Decisions trees are a widely used technique in ML that perform particularly well in ensemble models (Random Forests). Decision trees typically resolve a particular dependent variable and produce rules that will predict the output variable’s expected value/range. In order to build these trees, the rules are chosen to optimize an entropy function. Optimization is generally done greedily one layer at a time, and seeks to optimize sum(x log x) where the sum is over each possible discrete value and x represents the portion of records which had that value of that parameter.

However, these conventional trees have many limitations. The output variable needs to be specified in advance, and generally only one discrete-valued parameter is chosen for the dependent variable. The output predictions do not have any valid certainty measure to express fuzzy outcomes / logic.

As a twist on decision trees, let’s say instead of predicting an output variable, let’s attempt to use the same structure to model the joint probability distribution of said events, including both dependent and independent variables. At this point let’s identify we really want to build a Bayesian model that adjusts a given apriori distribution to conform to sampled data. Now at each graph vertex, when we decide to create each rule, we can now consider two different quantities: apriori and aposteriori weights.

The trick now is, what entropy function should we use to optimize the created tree? When we consider that what we want to do is resolve the current apriori so the product distribution has the most information gained per point sampled from the apriori distribution, the choice is obvious. Our goal is to maximize the cross-entropy of the apriori and aposteriori distribution. Another way to think about it is to say that we want to create an encoding scheme that while encoding aposteriori points efficiently, will “reject” apriori points by encoding them at a low efficiency.

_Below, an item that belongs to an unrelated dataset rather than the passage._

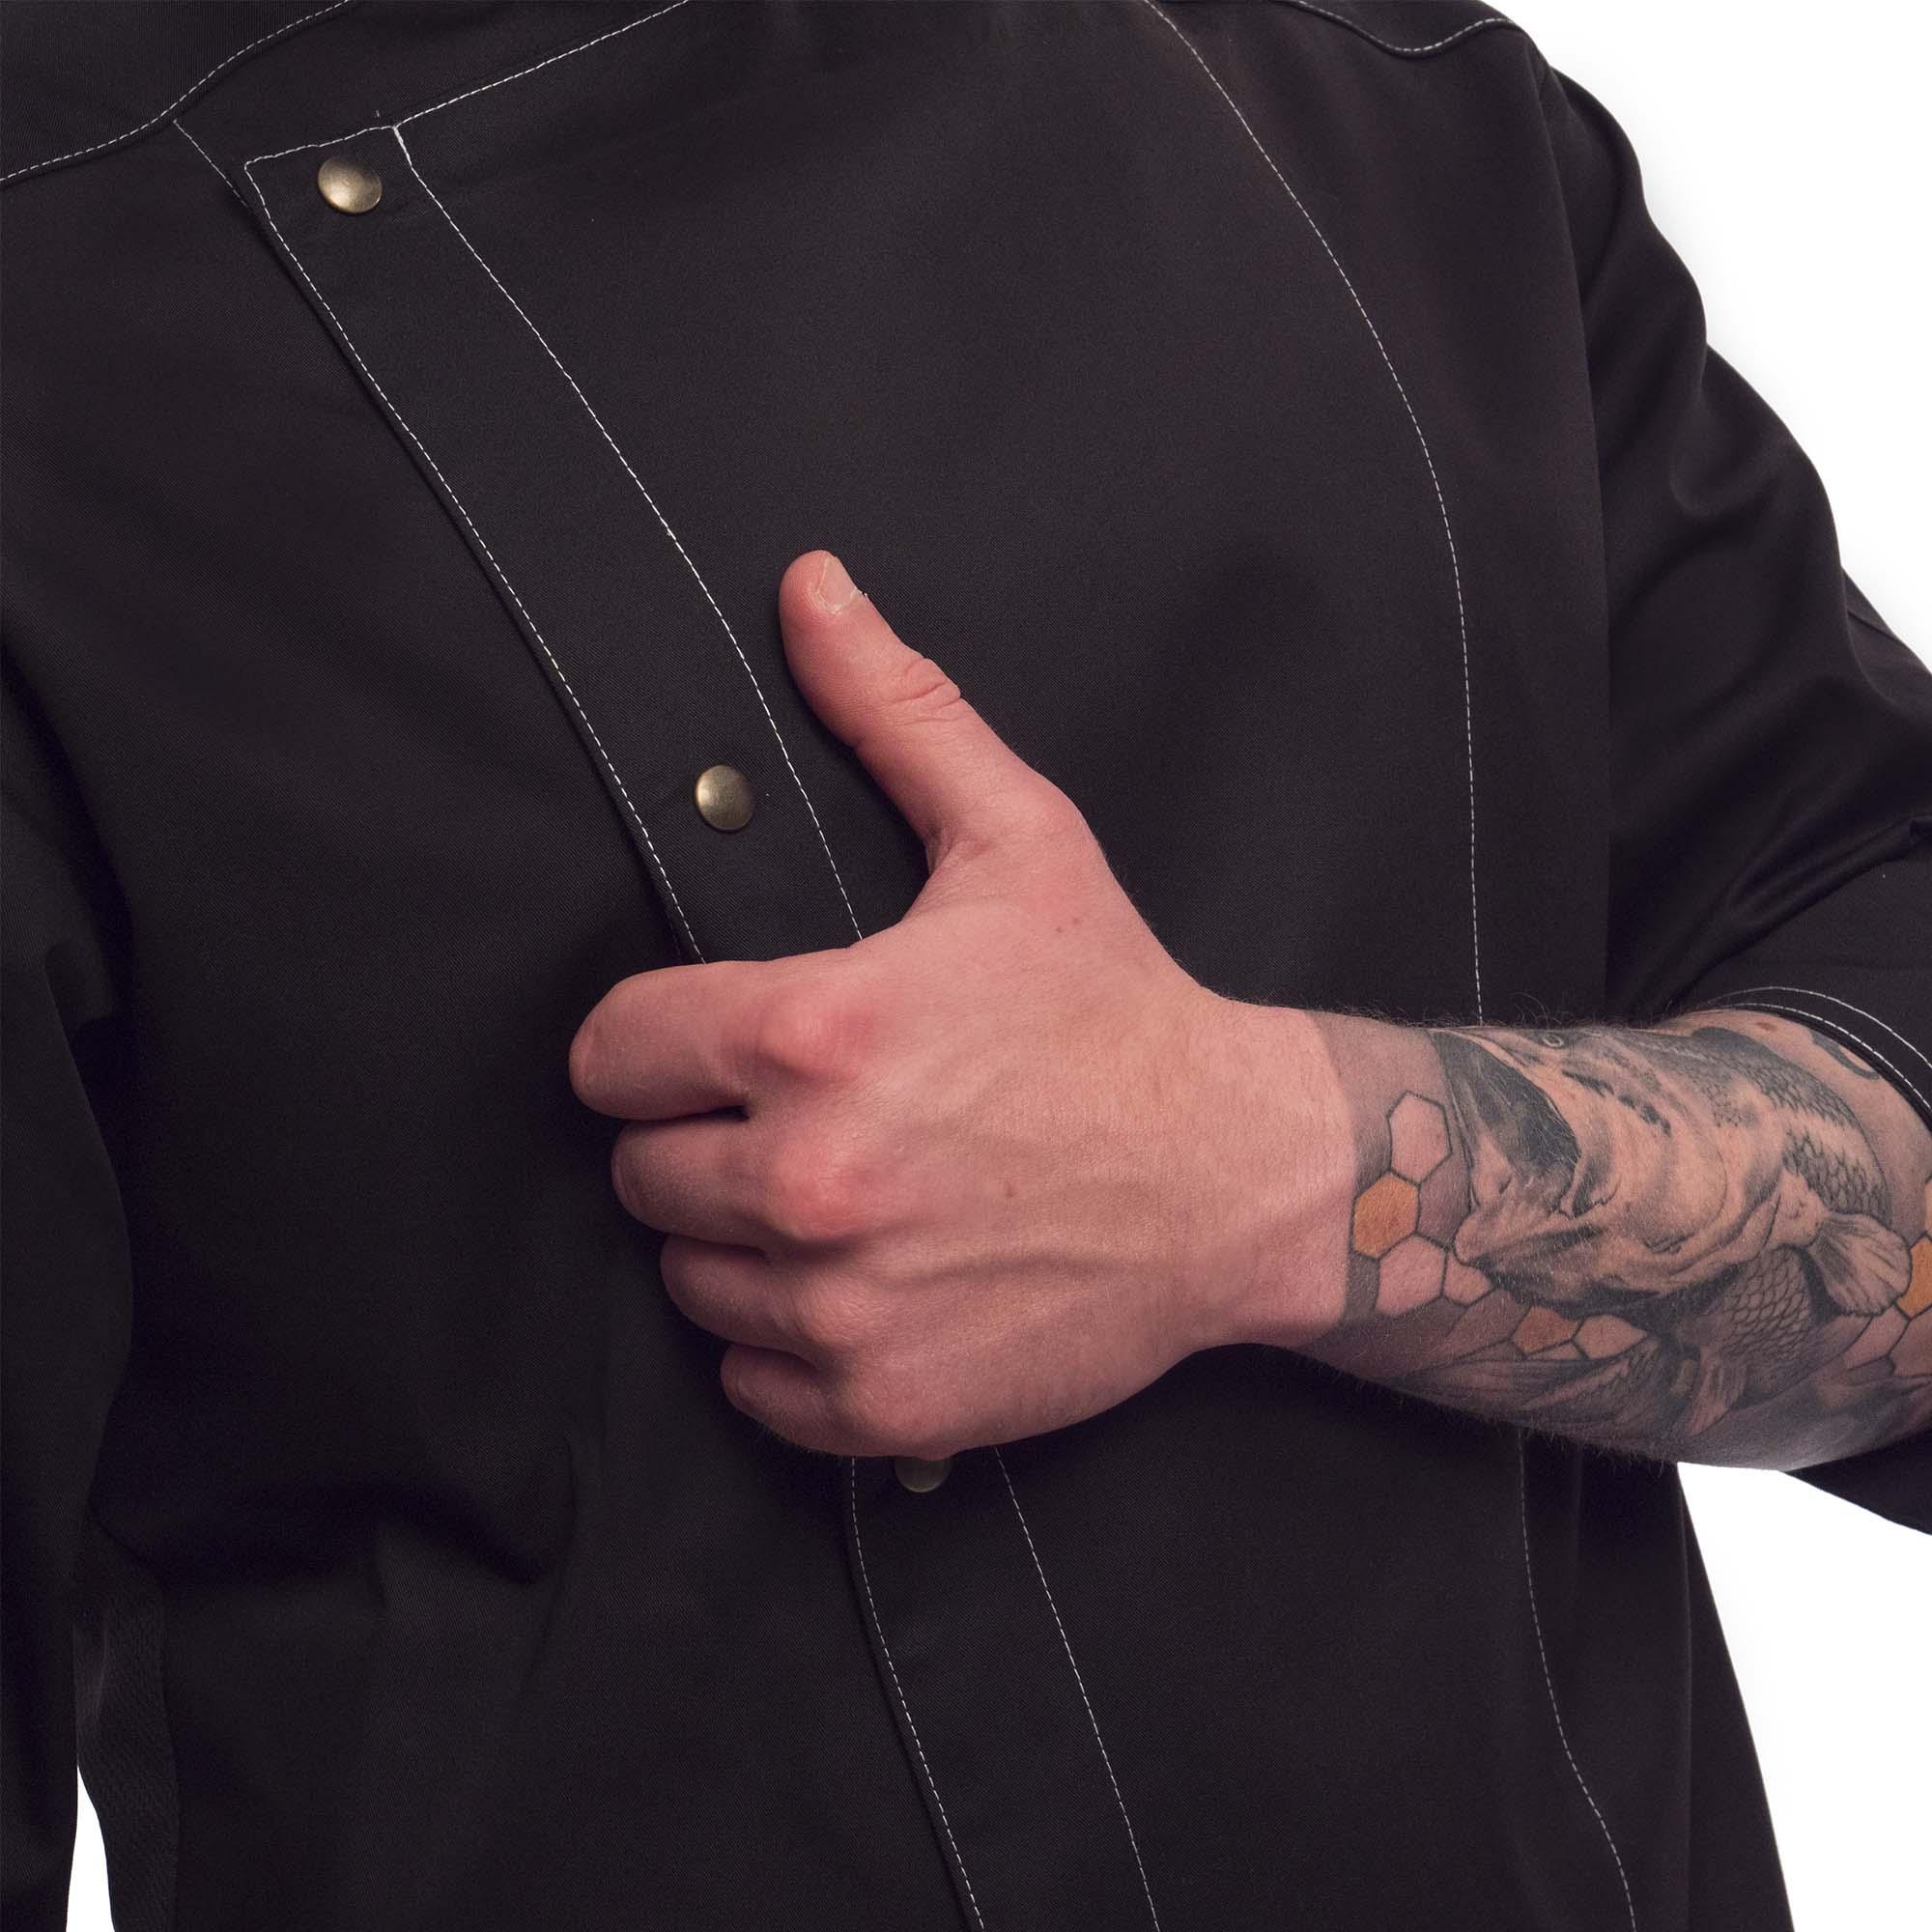 μπλουζα-σακακι σεφ-μαγειρα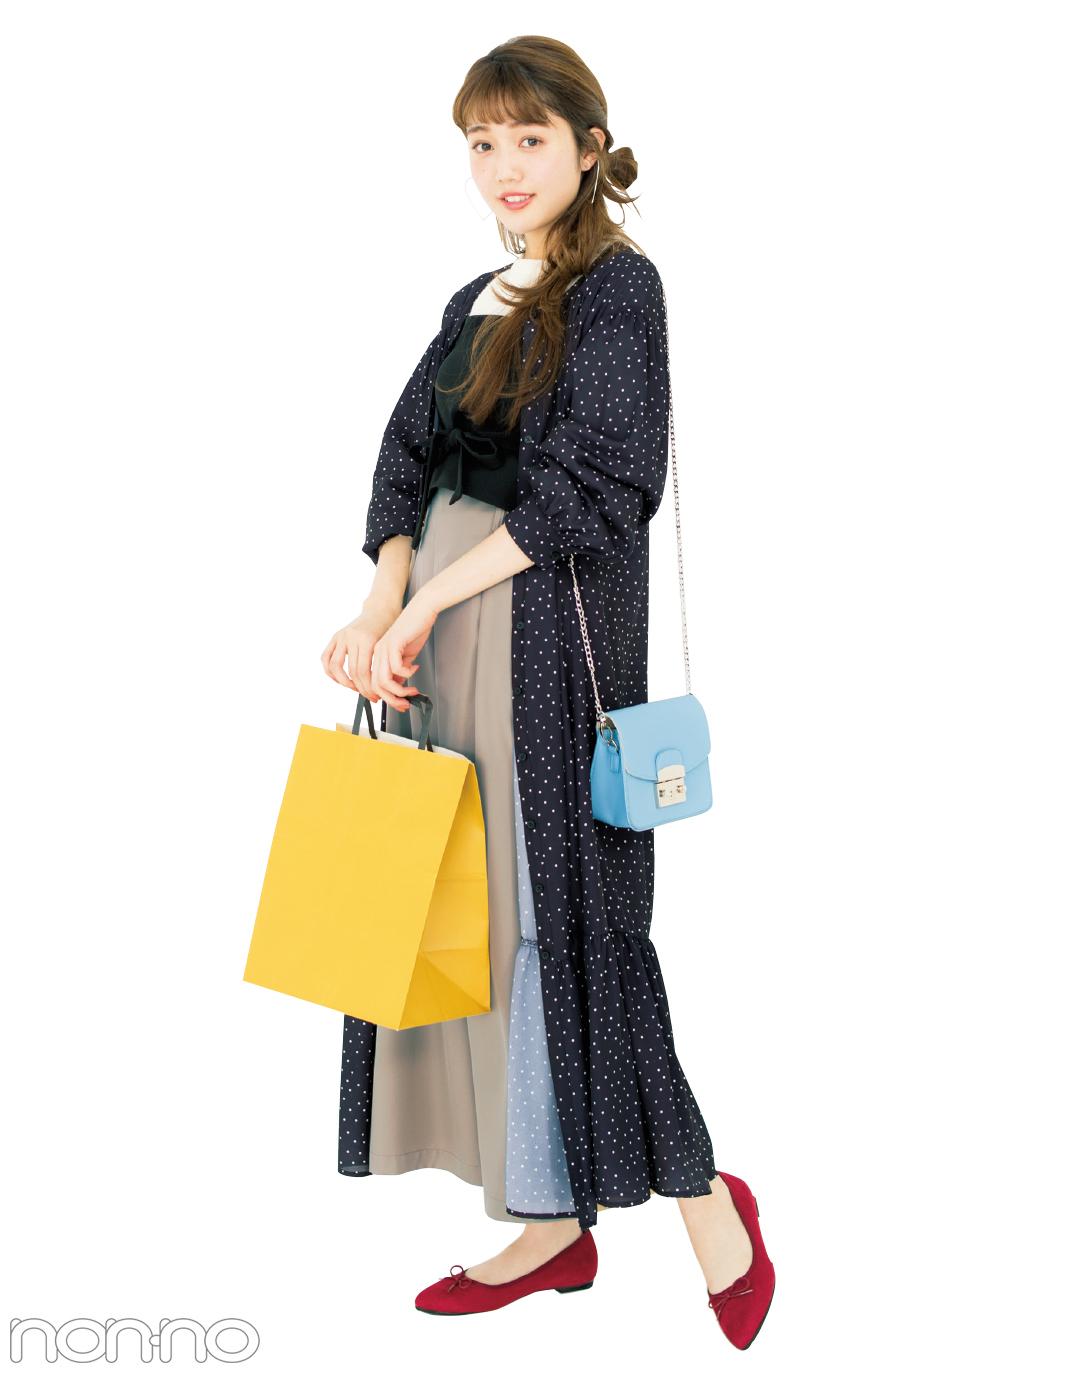 出会いの季節に買いたい♡ マキシ丈の水玉ワンピ、好印象の着回しコーデ3選!_1_2

Now that we’ve chosen the objective function, and we have selected data to learn, we need to define our apriori model. There are two main ways to define an apriori model, and I will call them:

  1. Euclidean – This defines the apriori model as a (uniform) continuous density function to be integrated. For the typical uniform density function, apriori weights can be visualized as volumes, which works particularly well since aposteriori weight / volume = density
  2. Monte-Carlo – Points are generated by a generating function, which either draws points from a custom apriori function or recombines data points to produce apriori distributions which intrinsically carry joint distribution information between particular (and often deliberately chosen) variable sets. Working code examples can be found for both these approaches in the aforementioned github projects.

Early experiments showed that this method of modeling joint probability distributions worked on a wide variety of distributions, particularly ones rich in geometric features. I created two testing distributions to test the modeling performance. One distribution is based on a multivariate gaussian extruded over a spline path, creating long snake-like clusters. The next is an adaptation of the 2d logistic map into a 3d space. This distribution is rich in many types of detail and it is reproduced quite well (qualitatively speaking) by the model.

One technique to improve modeling is to introduce a coordinate transform at each tree node that is determined by PCA analysis of the points contained in a given node. The provided PCA coordinate system, when combined with the rule generating step, produces density functions that converge on embedded lower-dimensional manifolds much more effectively. This was especially useful in the euclidean modeler when modeling the 3d logistic map

Another technique, used in the monte carlo modeler, is to generate apriori points based on recombination from data points. The trick here is that by defining the recombination function, we can produce an apriori distribution identical in all respects to the apostori distribution except those respects we are interested in modeling. For example, when modeling the apriori distribution of the classic forest cover problem, we recombined all the independent parameters (from point A) with all the dependent (i.e. cover type) parameters from another point. The result is a distribution that has identical characteristics as the data except for the joint distribution features of each independent variable wrt the dependent variable.


At this point results are largely qualitative. The only well-known benchmark this technology has been applied to is the US Forest Cover dataset, and it only achieved ~70% accuracy where state of the art results seem to be a bit over 80%. However, while testing this with other datasets I have seen this method match the predictive accuracy of neural networks while also predicting certainty and handling bifurcated predictions.

Pros/Cons Vs Other Methods:

  1. Cannot currently match random forest accuracy for forest cover data set
  2. Is able to predict outcomes following complex distributions, such as bifurcated predictions
  3. Accounts for uncertainty using rigorous statistical methods
  4. Handles high numbers of dimensions poorly